Recommender System Challenge

Welcome to the code repository for the Recommender Systems Challenge hosted by Politecnico di Milano. This competition is about developing a recommendation system for TV shows. The key objective is to predict the TV shows a user would interact with, taking into account variables such as the duration and categories of the TV shows.

Please read the README till the end for a detailed understanding of the project!

Project Structure

Here is a brief explanation of the main files and modules in the repository:

  • boost_submission.py: This script enhances the ranking list for submissions, aimed at improving the Mean Average Precision (MAP).
  • cross_k_validation.py: This script performs cross-validation for hyperparameter tuning.
  • evaluator.py: This script measures the performance of the recommendation system, utilizing MAP as a metric.
  • hybrid_user_wise.ipynb: This Python notebook is dedicated to the analysis of user interactions and categorizing users according to their interaction frequency. It provides visual representation to understand whihc recommeneder system yielsds the best results for each user category.
  • hybrid.py: This script houses a collection of hybrid recommenders that leverage different models. As you navigate down the file, the most recent recommenders are found at the end. We initially employed a simple "HybridRecommender", then progressively transitioned to a more intricate "Linear Hybrid", which combines several hybrid recommenders with varying tuned weights.
  • impressions.py: This script provides the "update_ranking" function used in boost_submission.py.
  • requirements.txt: A file containing a list of items to be installed using pip install.
  • run_factorization_machines.py: This script trains and evaluates a factorization machines model (using LightFM).
  • run_kfold_hyper_search.py: This script performs k-fold hyperparameter search for improving the recommendation model.
  • run.py: This script serves as the primary initiation point to setup and execute the recommendation system, as well as compute the MAP score.
  • tuning.py: This script provides functionalities for hyperparameter tuning.

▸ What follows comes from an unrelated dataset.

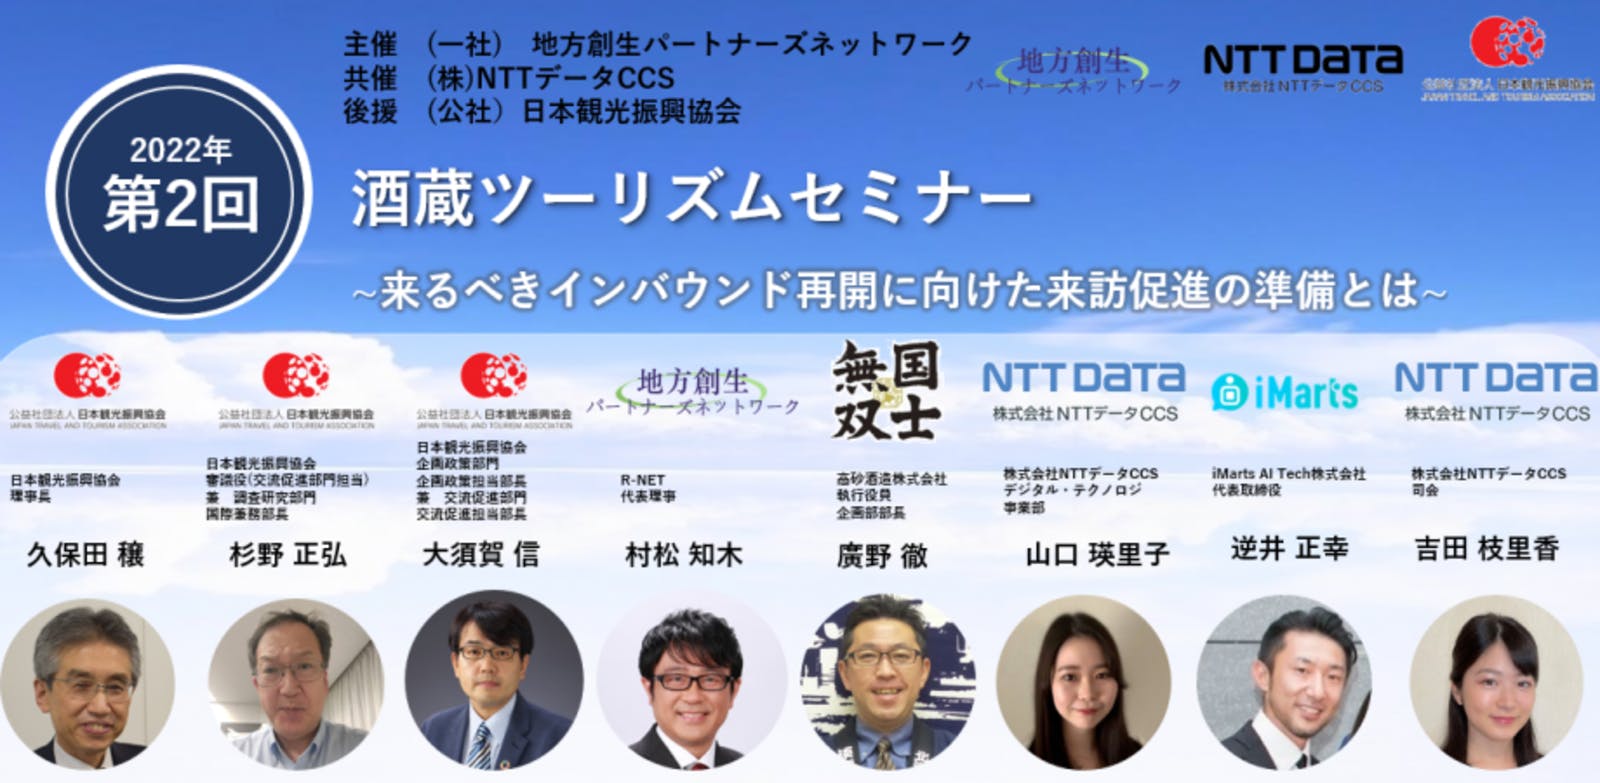 R-NET主催、NTTデータCCS共催「酒蔵ツーリズムセミナー」

Here is a brief explanation of the two matrixes used:

  • URM_aug: This is a user-item interaction matrix that represents user interactions with items in the system. Each entry (user, item) in the matrix is set to '1' if the user has either watched the item or opened the item's details page. The matrix is then padded with zeros in the missing items that are present in the Item-Content Matrix (ICM) but not in the User-Content Matrix (UCM).
  • URM_aug_pow: This is similar to URM_aug, but it includes an additional step where the ICM is stacked vertically below the URM_aug matrix. The vertical stacking ensures that the cardinality (number of columns) of both matrices coincides, enabling proper concatenation. For the concatenation we used an hyperparameter that is fundamental because it balances the importance of the collaborative part with respect to the context-based part. It can take a value between 0 and 1 (if we want to build a hybrid recommender system).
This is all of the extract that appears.